It’s a brand new year, so here’s offering you all my best wishes for 2018 and my thanks for your support in person, through correspondence, and on social media, which has been my main form of contact these past few months.
Having failed to send out a Christmas message due to my health issues, now it’s high time I updated you on my situation, especially as right now, I’m enjoying a good few days, helping provide me with a positive start to the year.
Although we are now based in London we were able to spend a couple of weeks at our French home in early October, admiring the mountains’ autumn clothing.
From mid-October the furthest I managed to venture was to medical appointments and occasional forays to the local Yurt Café in Limehouse or once to the Victoria Park Market. Today I managed half an hour in The Narrow pub, so a New Year victory of sorts.
Becoming a semi-recluse was forced upon me by pain when sitting down or bending, something we all take too easily for granted. Short walks have been fine, but for a while only being supine provided real relief.
It became obvious that the new treatments I was given, which I wrote about in September, were not addressing the pain from my Metastatic Prostate Cancer. So, at the end of November the oncology department at Bart’s Hospital decided to admit me for further investigations.
After a few days, I agreed for the team to take my treatment a stage further with the start of a course of Chemotherapy, mainly to help with the pain control. The plan is to continue this treatment on a 3-weekly cycle until March, coming into Bart’s as an outpatient.
So far, the journey has been up and down, as everyone warns about chemotherapy treatments – I managed to catch mild pneumonia, involving another short hospital admission before Christmas, and more recently, I found my taste buds disappeared making eating and drinking difficult.
But, overall, I have been in less pain and sleeping well as the pain drugs were also adjusted.
Our National Health Service is a national treasure, albeit with some imperfections, and the care and attention the staff give to me, and patients everywhere, is tip-top. But, during our lifetimes we all must help ourselves as well – our bodies are precious, and we must look after them as best we can.
I am receiving great assistance and support from St. Joseph’s Hospice, Hackney, which among other help organised for an occupational therapist to visit supplying me with a variety of useful aids to make my days and nights more comfortable.
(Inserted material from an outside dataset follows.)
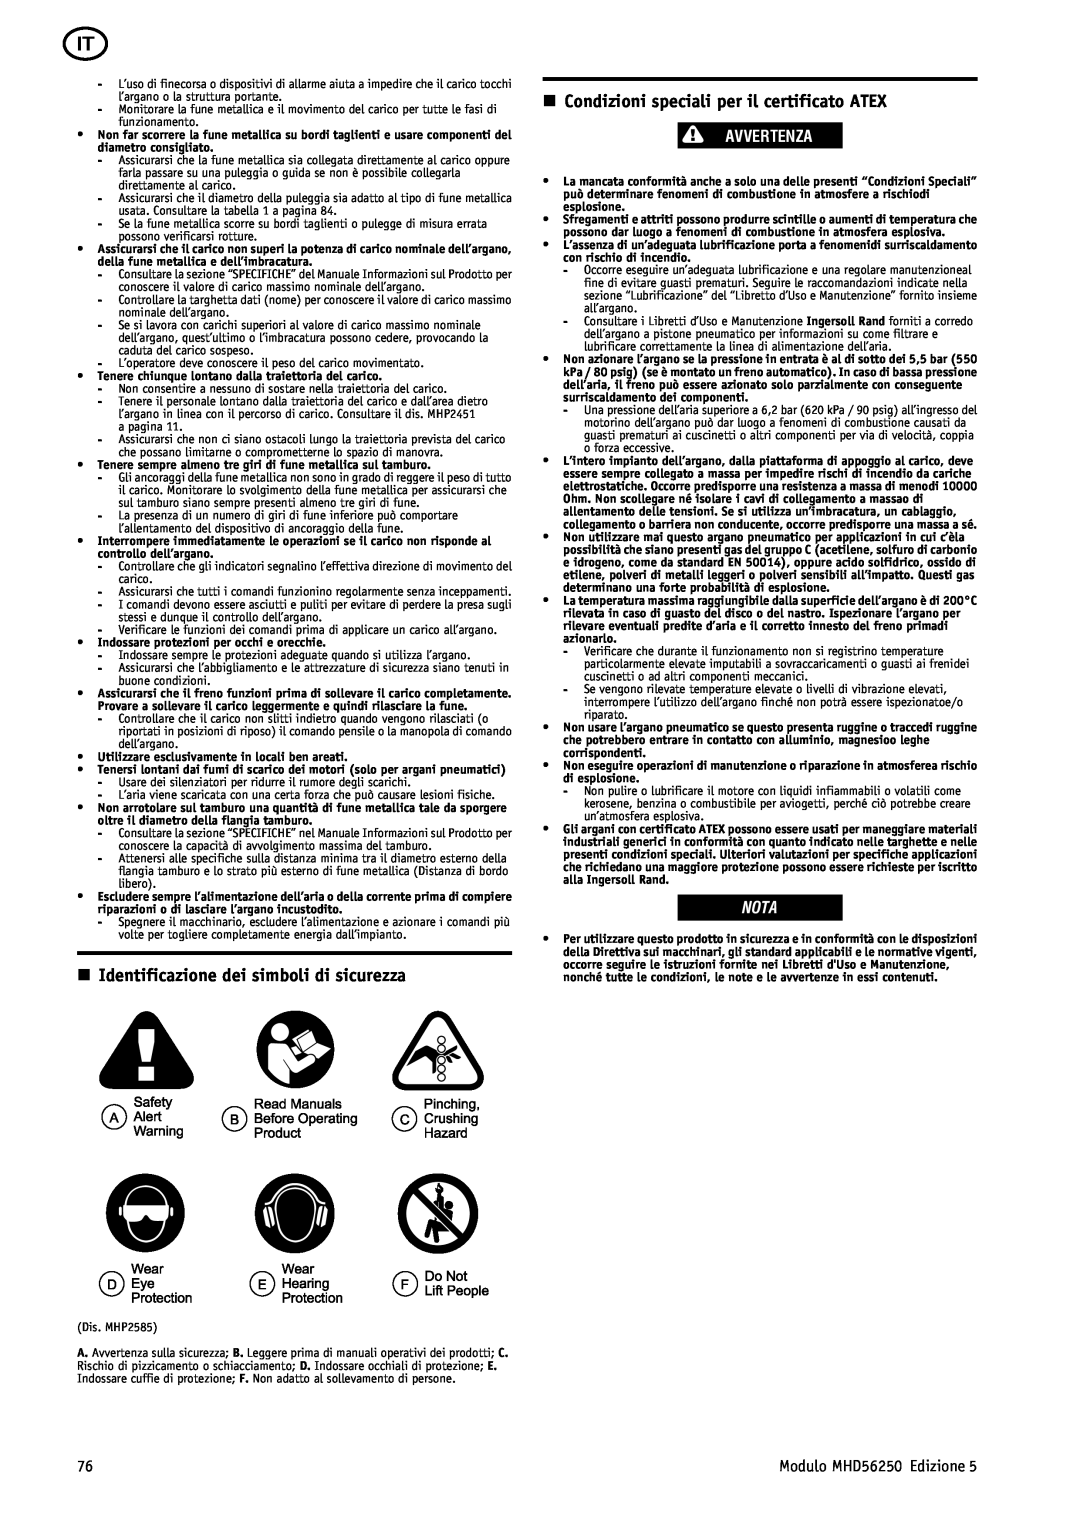 Ingersoll-Rand MHD56250 n Identificazione dei simboli di sicurezza, n Condizioni speciali per il certificato ATEX, Nota

Most importantly St. Joseph’s provide an advice line and a wonderful consultant nurse, who has time – that most rare commodity – to talk through problems and to advise. All these services are provided free of charge – as are most other health services in the UK; the hospice is funded part by the NHS and part by charitable donations.
Family and friends, of course, are loving and supportive as well. I am lucky to be able to live with my cancer cradled by all this care.
I enjoy social media, particularly Facebook, where I can easily participate in the big world outside, continuing to share my own photos from my limited excursions. I have made it a policy not to share anything about my illness on social media, hence why I’ve decided to write about it here on occasional posts. Please excuse the lack of wine and travel posts – there are thousands out there that can fill your reading gap and, after all, this remains my very personal blog.
Even if what is going on around us can be particularly unpleasant and, at times, an unconscionable mess, communicating with friends of all ages the world over, gives hope for a better future in 2018 and beyond.